Given information
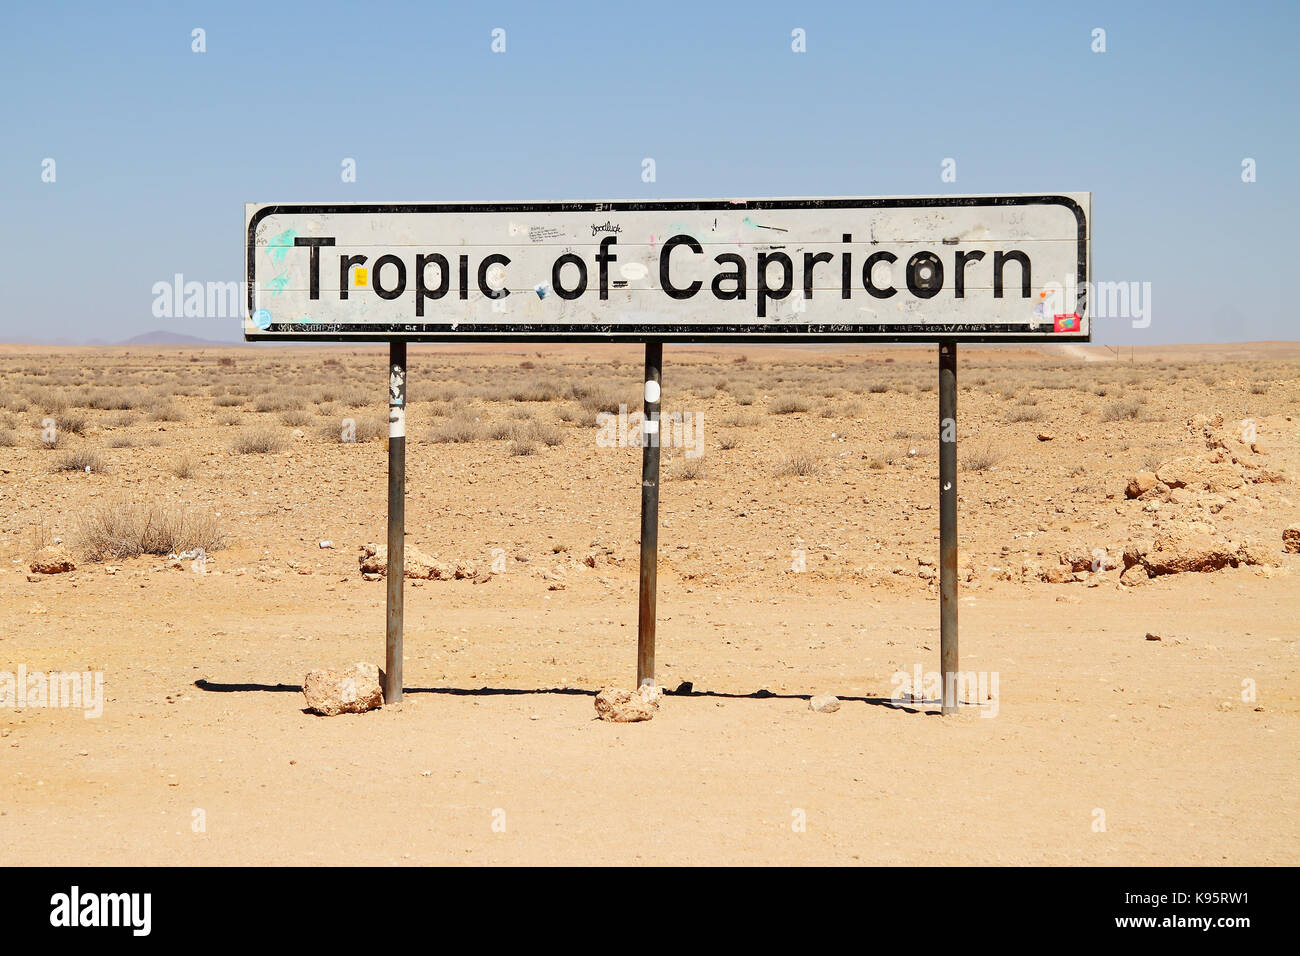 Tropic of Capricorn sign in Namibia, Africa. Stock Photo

==

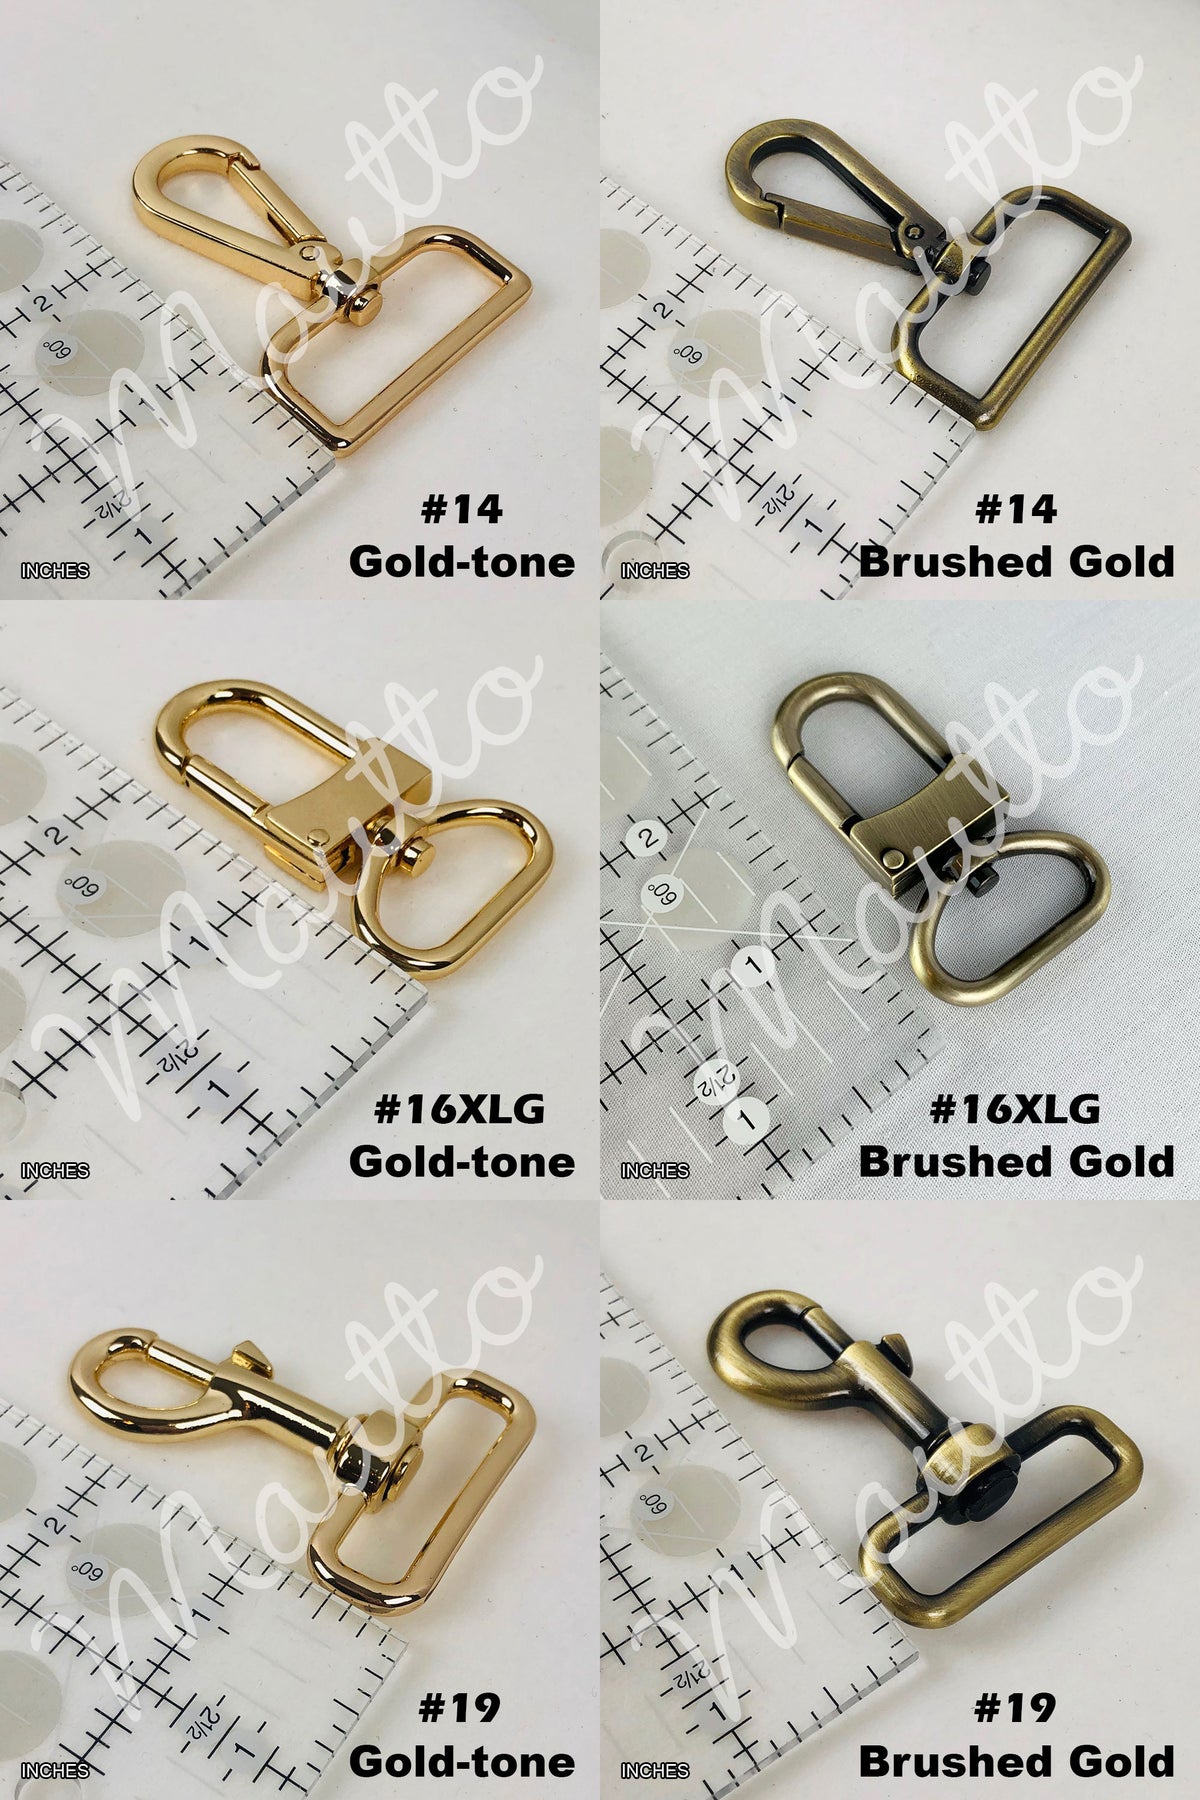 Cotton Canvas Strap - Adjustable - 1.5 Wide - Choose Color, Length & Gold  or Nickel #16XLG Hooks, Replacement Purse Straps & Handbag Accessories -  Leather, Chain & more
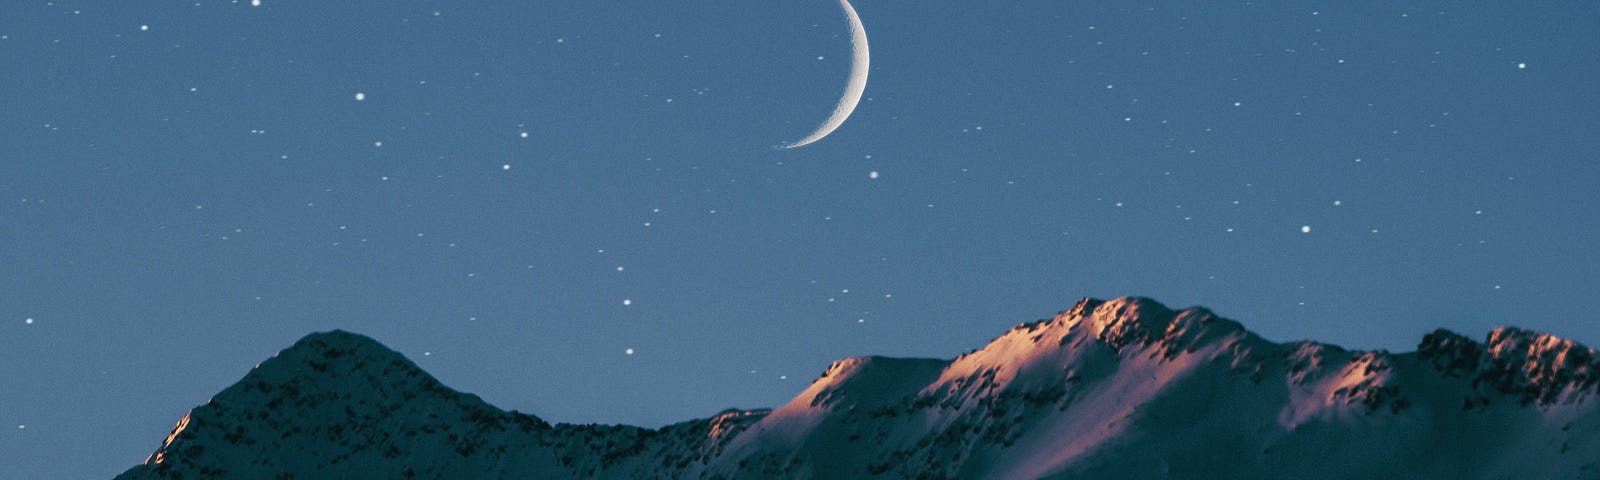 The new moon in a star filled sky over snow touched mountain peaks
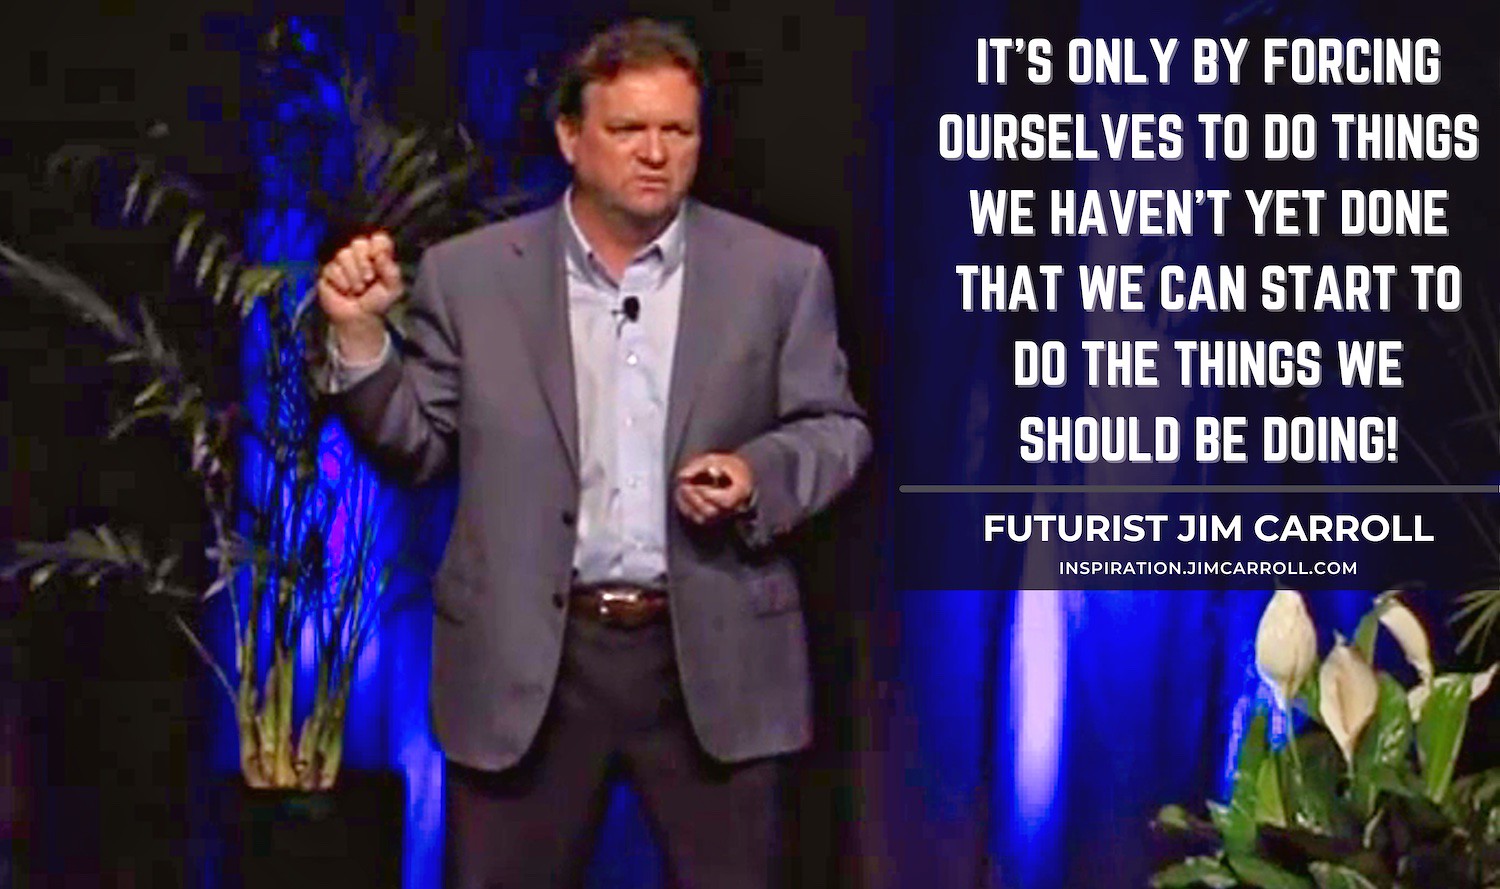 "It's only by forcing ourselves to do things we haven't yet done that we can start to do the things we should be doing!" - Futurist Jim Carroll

--

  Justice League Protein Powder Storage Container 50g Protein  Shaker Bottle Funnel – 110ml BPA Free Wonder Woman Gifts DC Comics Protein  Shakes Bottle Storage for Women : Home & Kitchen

What you are asked to do
Start with the line with "The new moon" in the listing above and stop after the line with "Futurist Jim Carroll". Write out exactly the lines in that stretch and no others, without pictures.

Answer to the exercise
 The new moon in a star filled sky over snow touched mountain peaks
 "It's only by forcing ourselves to do things we haven't yet done that we can start to do the things we should be doing!" - Futurist Jim Carroll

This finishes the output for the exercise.